Post by BDanielMayfield » Mon Apr 02, 2018 3:47 pm

JohnD wrote:
Mon Apr 02, 2018 2:55 pm
"not bumping one another (or some would be ejected)"
Now I'm no orbital calculator, but is it possible that in the time that the Rings have existed (?10M years?) their particles have settled into perfect orbits that never intersect? Seems unlikely, given their number, and given the Ring's size, a significant number of extra-Saturnian objects must collide with it, causing instability.
And Lo! they haven't become static and stable; they have and do collide, contributing to the dimensions of the Rings:
"collisions between them occur quite often, leading to the dissipation of kinetic energy.

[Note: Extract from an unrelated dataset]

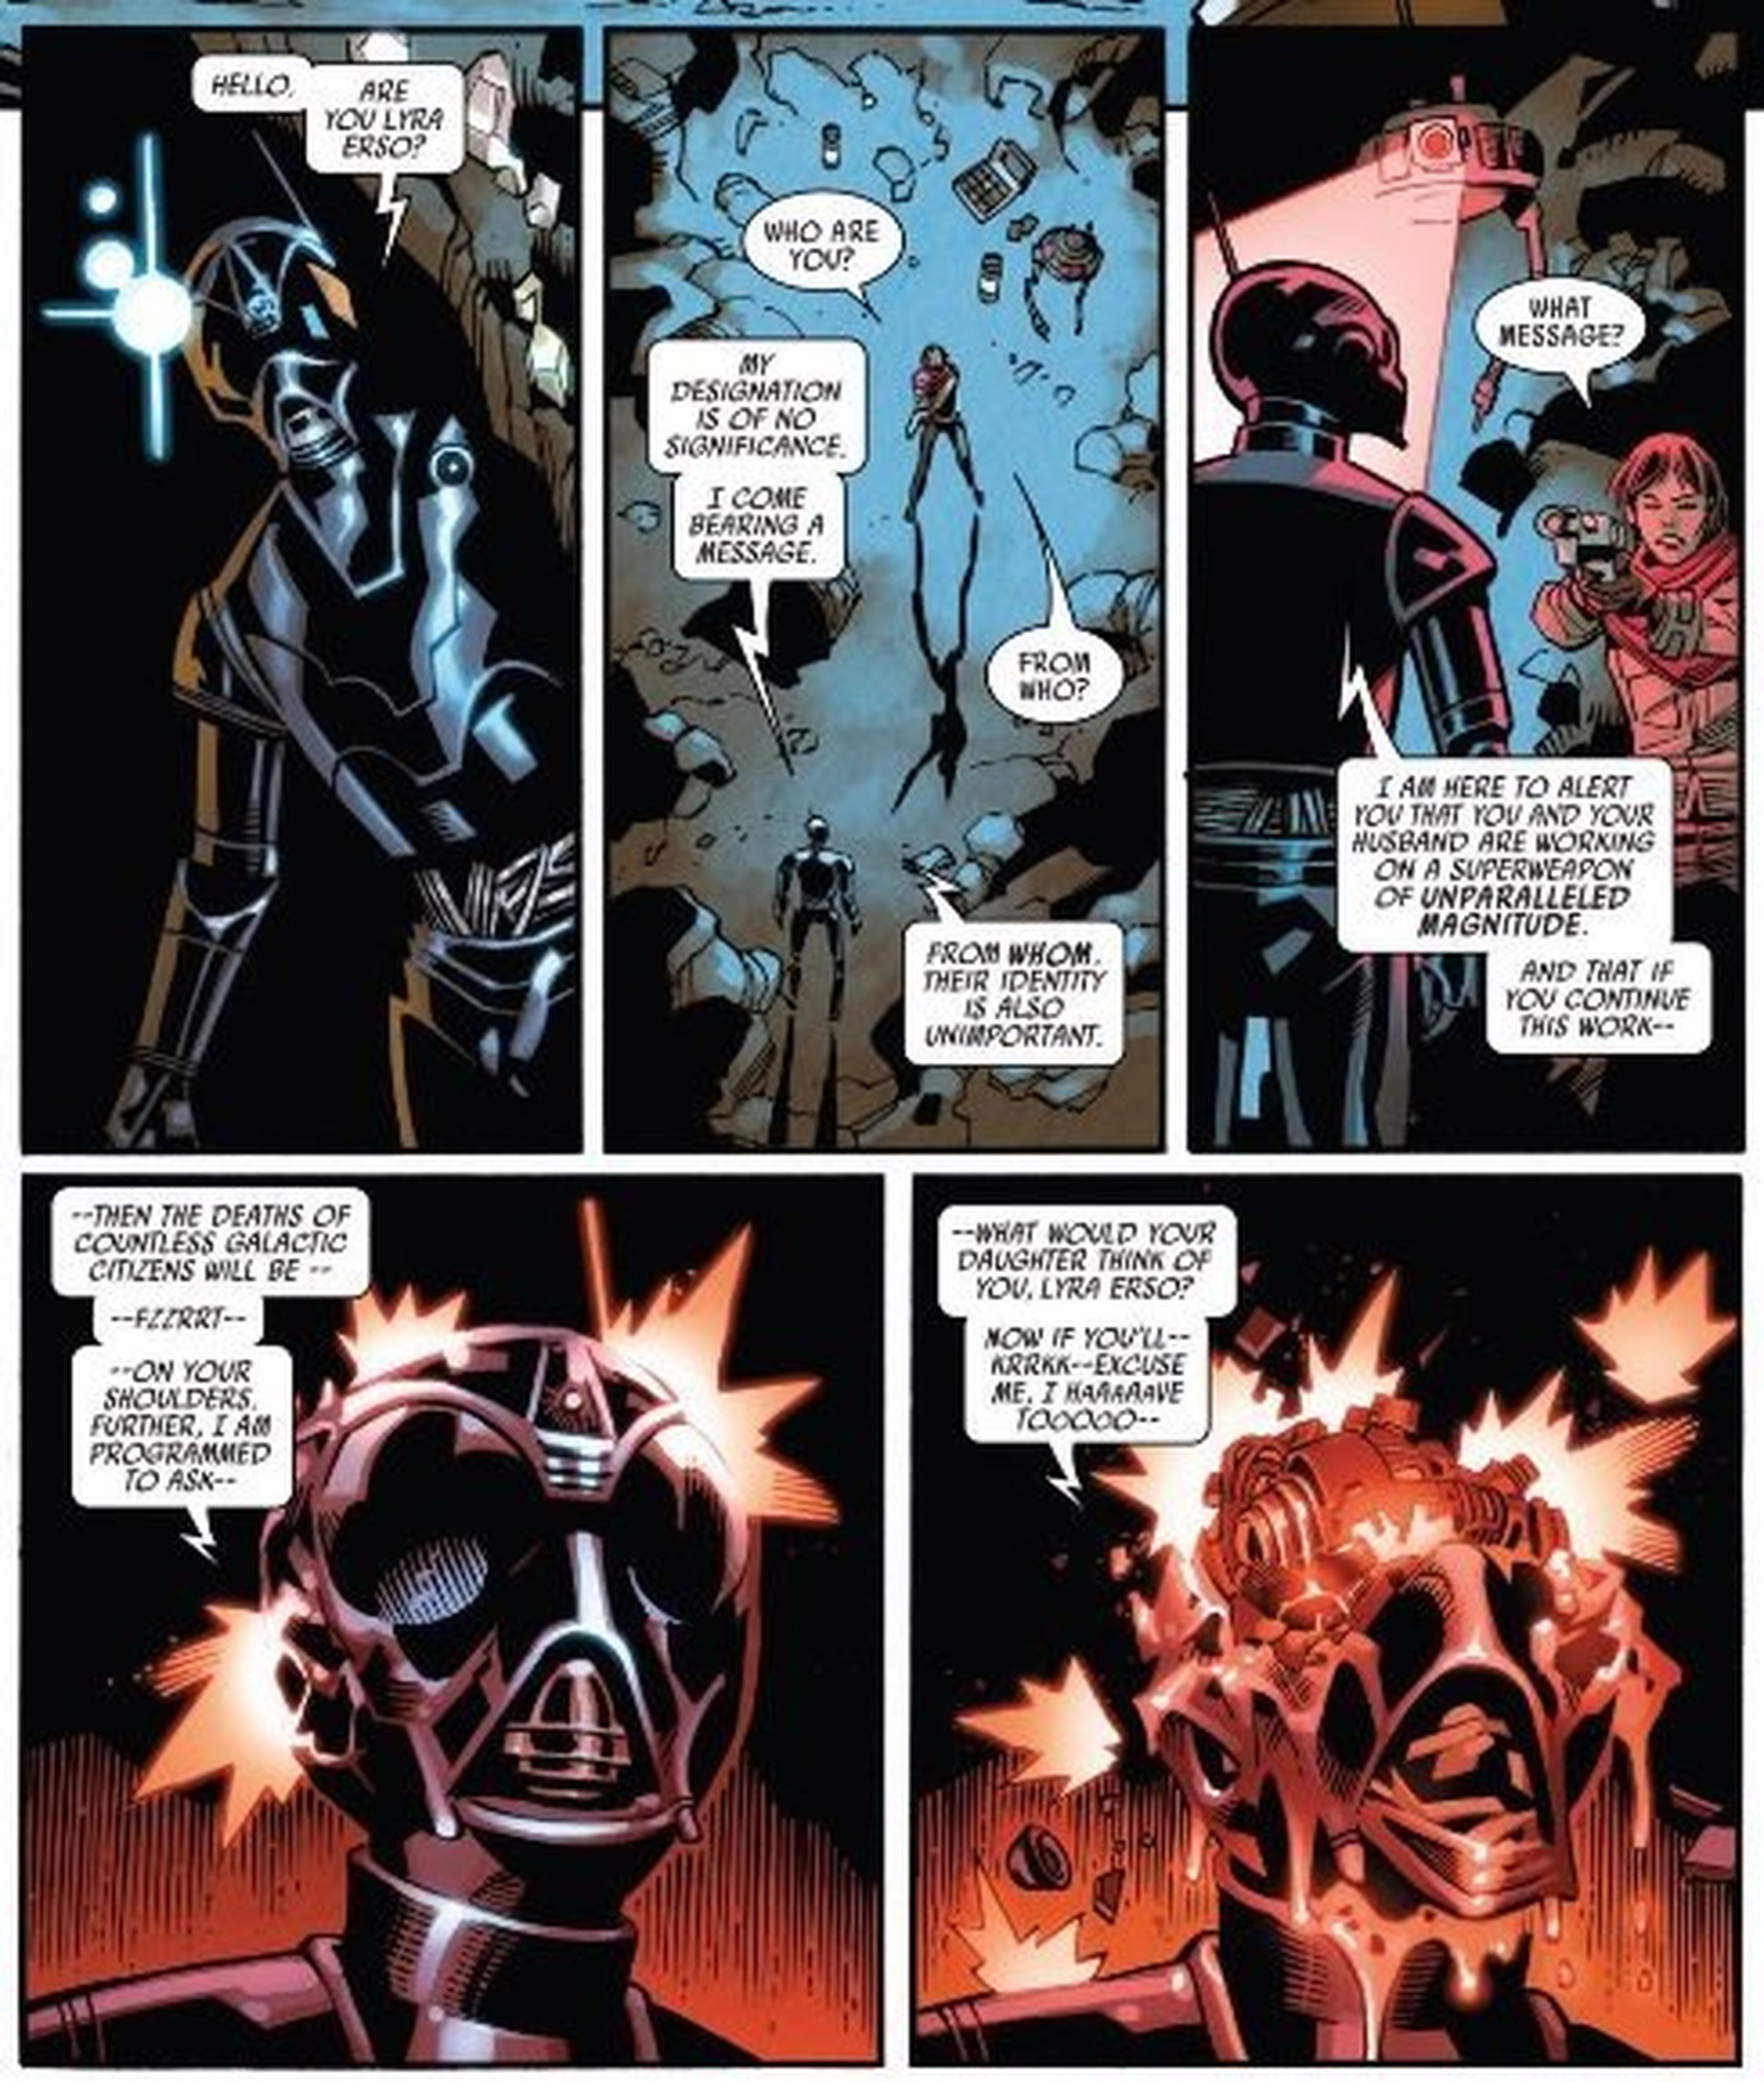 Darth Vader Annual 2

The cumulative effect of countless collisions in the past can be seen in the razor-like thinness of the disk and the near circularity of particle orbits." https://sciencing.com/close-rocks-satur ... 13152.html

This has been studied by our astronomers for many years, for instance Cuzzi et al: https://www.sciencedirect.com/science/a ... 3579900848 "the “many-particle-thick” condition ... may be reconciled with ongoing particle collisions."

The Rings are a dynamic evolving system, not a static one.
John
Excellent post John. The slow speeds of such collisions are what keep the rings from dissapating over time.

DAMGEM

Re: APOD: Moons, Rings, Shadows, Clouds:... (2018 Apr 02)

Post by DAMGEM » Mon Apr 02, 2018 11:06 pm

What is the object bottom left of center. It looks to be a giant snowball or baby moon.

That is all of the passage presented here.